Tüketen koşullar özellikle sağlık iş kolunda emeklilik ve istifalara yol açıyor. Büro Emekçileri Sendikasının İŞKUR emekçileri arasında düzenlediği ankete verilen cevaplar pandemi koşullarında yoğunlaşan esnek çalışmanın ne anlama geldiğinin özeti gibi: “Bu süreçte yaptığımız çalışma saatlerini toplasak emekli olacak kadar yoğun, yaşlanacak kadar stresliydi”, “Günde 1 saat bile uyku uyumadan, telefonda hazır ol vaziyetinde çalışmak... Normal hayat yok, üç kat fazla gelen elektrik faturası, yöneticilerin sürekli seni araması”...

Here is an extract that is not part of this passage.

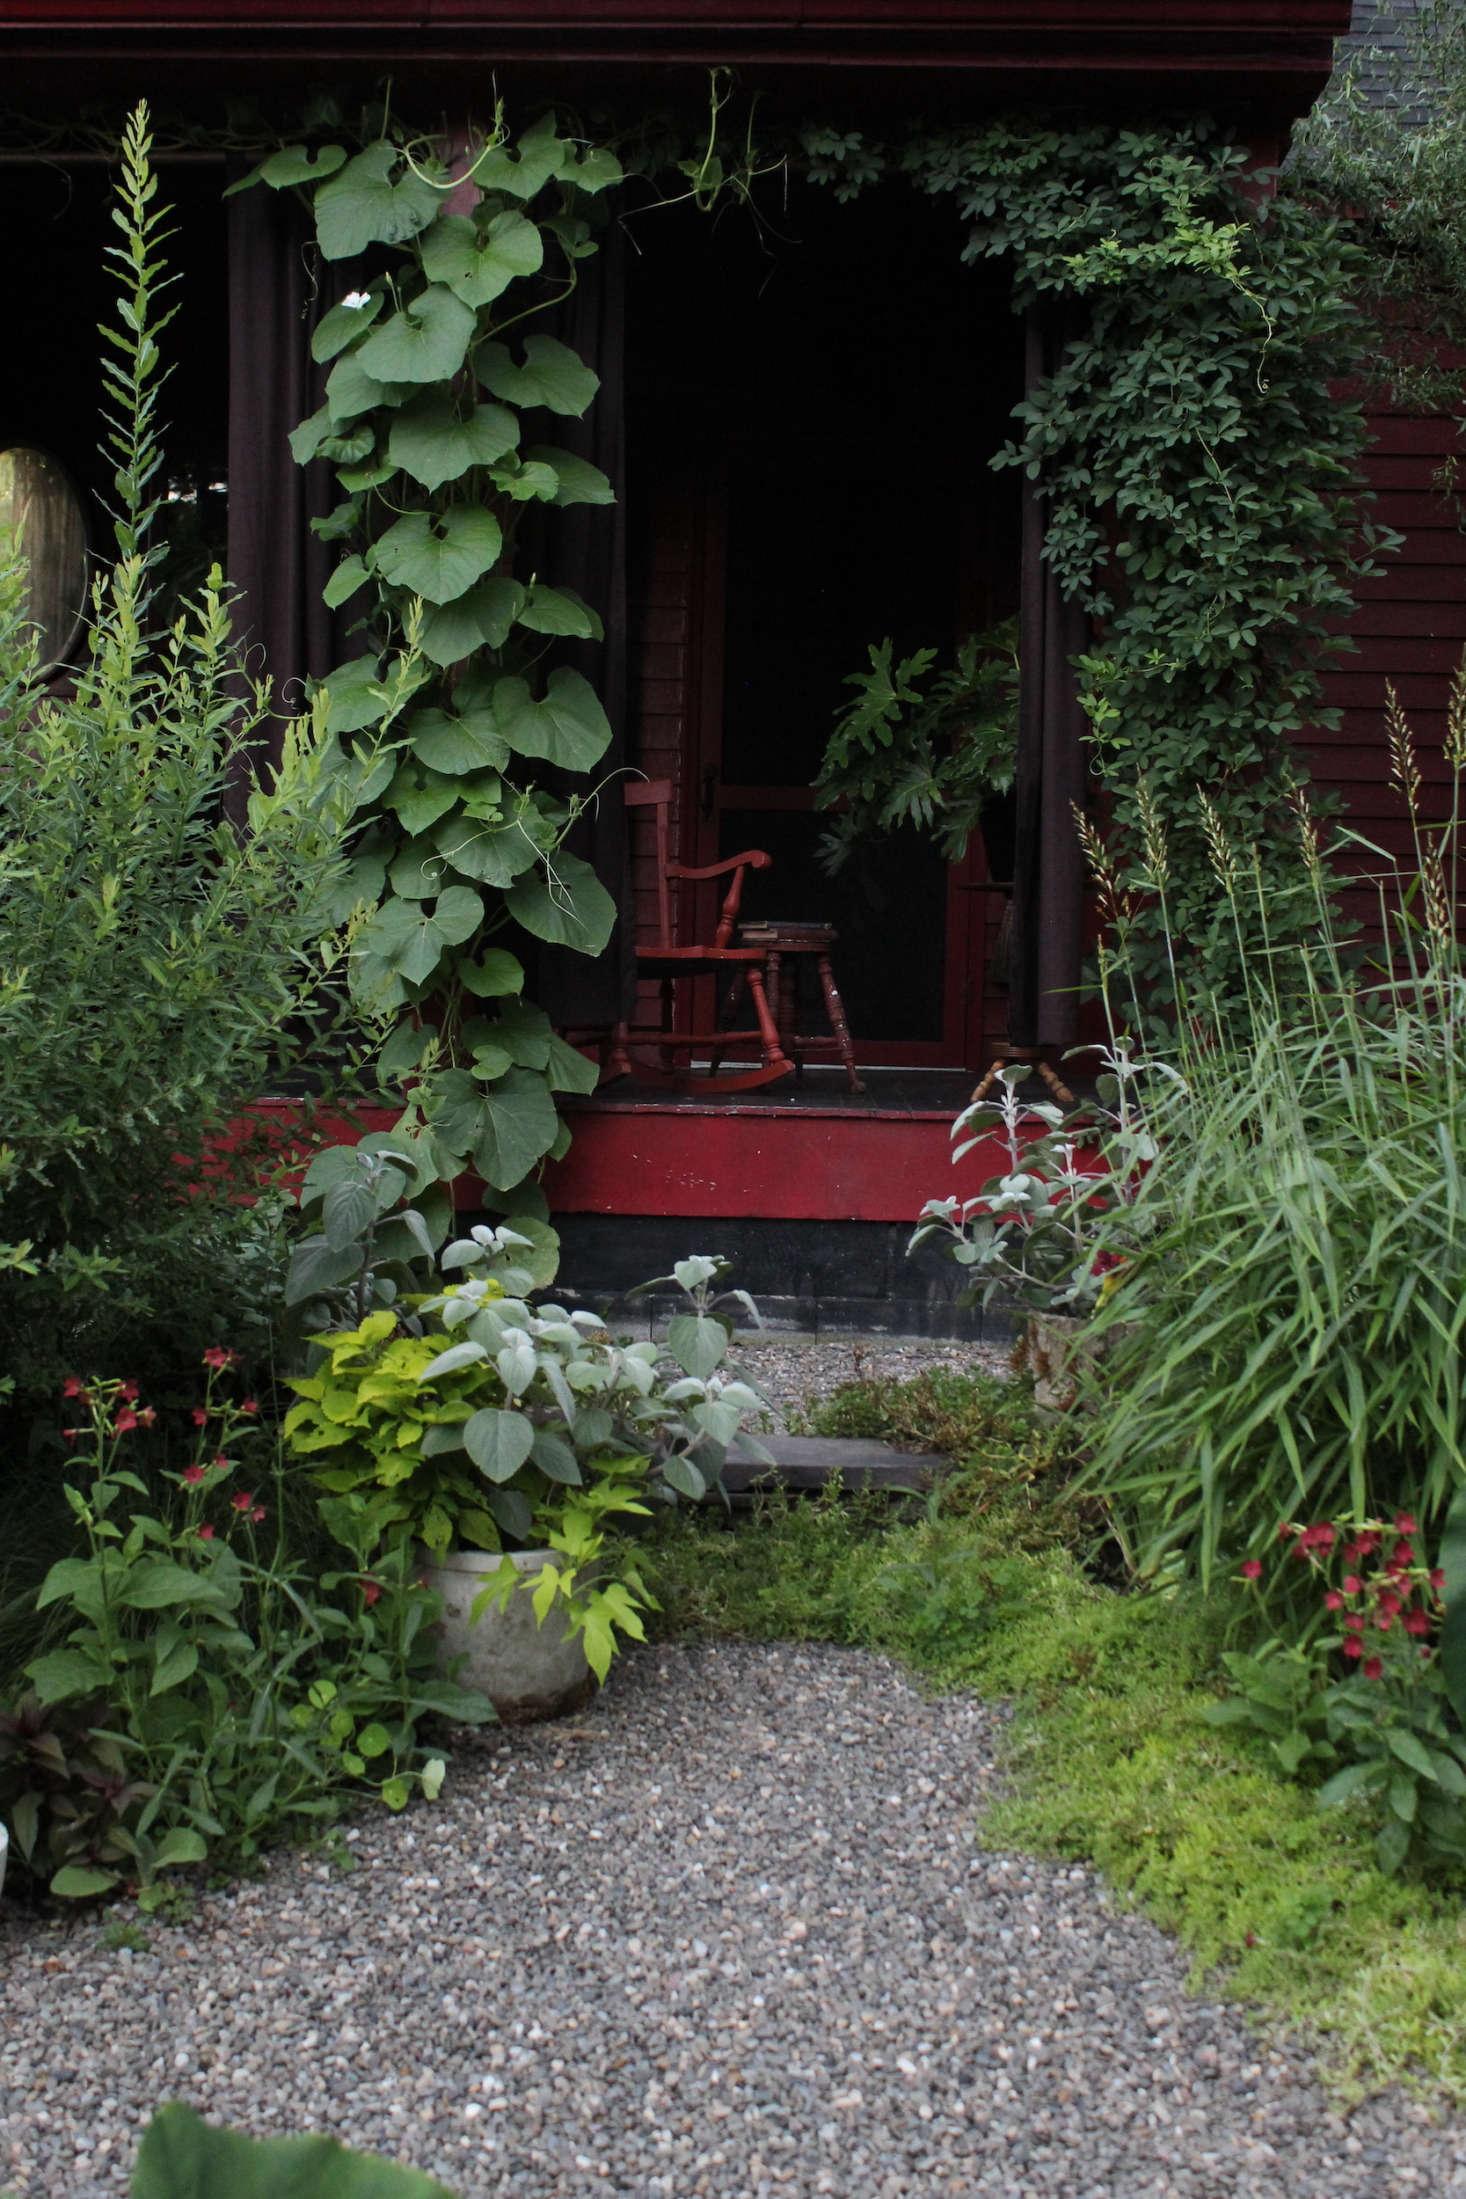 The large leaves of a climbing calabash (Lagenaria siceraria) vine help enshroud the porch. &#8

Pandeminin ilk zamanlarında alınan kimi kısmi ve göstermelik tedbirler, zaman içinde işçi ve emekçiler için rafa kaldırılırken, bütün ekonomik önlem ve paketler bir avuç sermaye sınıfının kârdan zarar etmemesi için kullanıldı, kullanılıyor. Milyonlar ise hastalığa, açlığa, işsizliğe, eğitim ve sağlık hizmetinden tamamen yoksunluğa, temel hak ve özgürlükler açısından ise yoksunluğa itildi. İşçi sınıfı ve emekçiler, çalışıp üretmediklerinde bütün bir hayatın duracağını ama aynı zamanda bu sistemde hayatlarının bir değerinin olmadığını, kitlesel, yaygın ve eş zamanlı olarak tecrübe ettiler, ediyorlar.

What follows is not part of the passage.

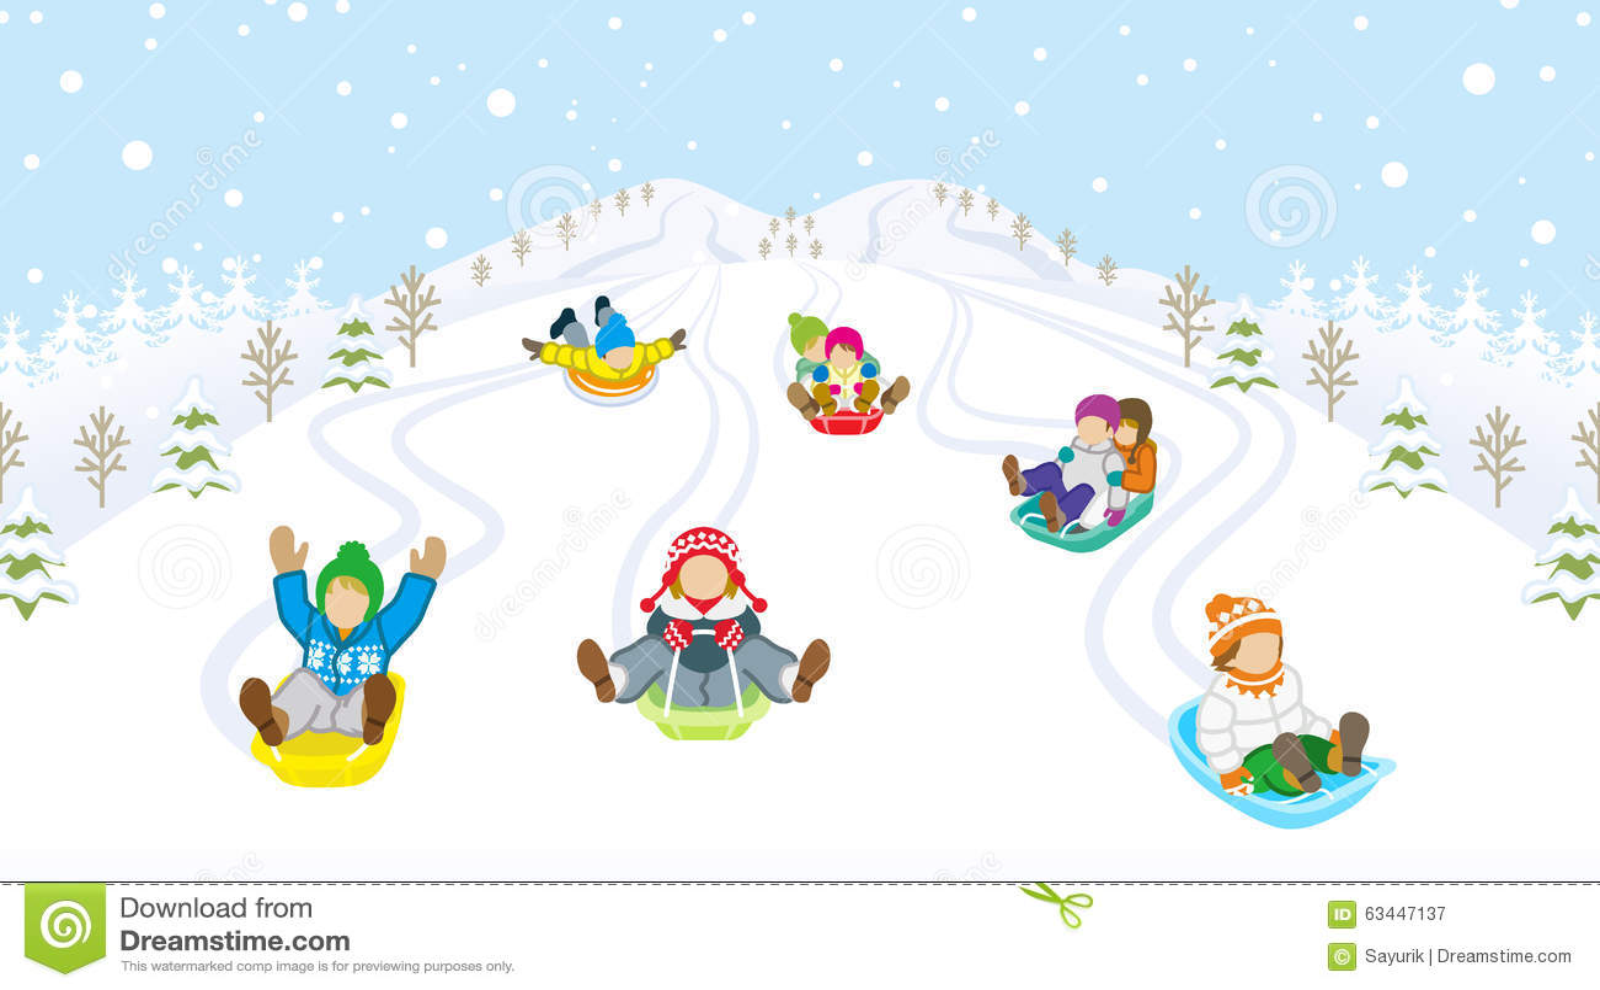 sledding kids in snowy mountain stock vector winter scene clip art black and white winter scenes clipart modern

Burjuvazi aşırı kâr hırsı için önümüzdeki yıllara yaydığı planlarını, pandemiyi fırsat bilerek öne çekerken, yoksulluk ve sömürüye karşı en küçük bir hak arama çabası ise şiddetle bastırılıyor. ‘Tek adam tek parti’ yönetimi, milliyetçiliği, militarizmi, bölge halkları arasında düşmanlığı kışkırtan söylemleri ve savaş politikaları eşliğinde tüm emekçi kesimlere yönelik saldırılarını artırıyor. Basın, meslek örgütleri, odalar hatta siyasi partiler zapturapt altına alınmaya çalışılıyor. İşçi ve emekçilerin grev, sendikalaşma, toplu sözleşme hakları kullanılamaz halde…
GENEL KURULA NASIL GİDİLİYOR?
İşte KESK ve bağlı sendikaların genel kurulları, bu koşullarda toplanıyor. Hükümetin politikalarına karşı artan hoşnutsuzluk elbette kamu emekçileri sendikal hareketine de yansıyor. Memur-Sen’de istifalar (Yerel yönetim iş kolunda 8 bin, eğitim iş kolunda 5 bin) yaşanırken, örgütlenme ihtiyacı artıyor. Ortak talepler etrafında gösterilen hiçbir çabanın karşılıksız kalmadığı bir dönem yaşanıyor. Haber-Sen ve BTS’nin yaptığı eylemlerle sağladığı üye artışı, sağlık iş kolunda ortak talepleri ve tepkileri içeren işyeri eylemlerinin üye olsun olmasın emekçilerden olumlu tepkiler alması, yerel yönetim emekçilerinin örgütlenme ve TİS hakkını koruma mücadeleleri bunun sınırlı da olsa olumlu örnekleridir. Ancak genel olarak KESK ve bağlı sendikalar, kamu emekçilerinin zorlaşan koşullarını, yakıcılaşan taleplerini, hükümete tepkilerinin artmasını örgütlenme ve mücadele olanağı olarak ele alamamış, hatta içine kapanmıştır. KESK, iş kollarındaki mücadeleyi birleştirerek büyütme ve işçi sendikaları ile ortak bir mücadele konusunda da ilerletici olamamıştır.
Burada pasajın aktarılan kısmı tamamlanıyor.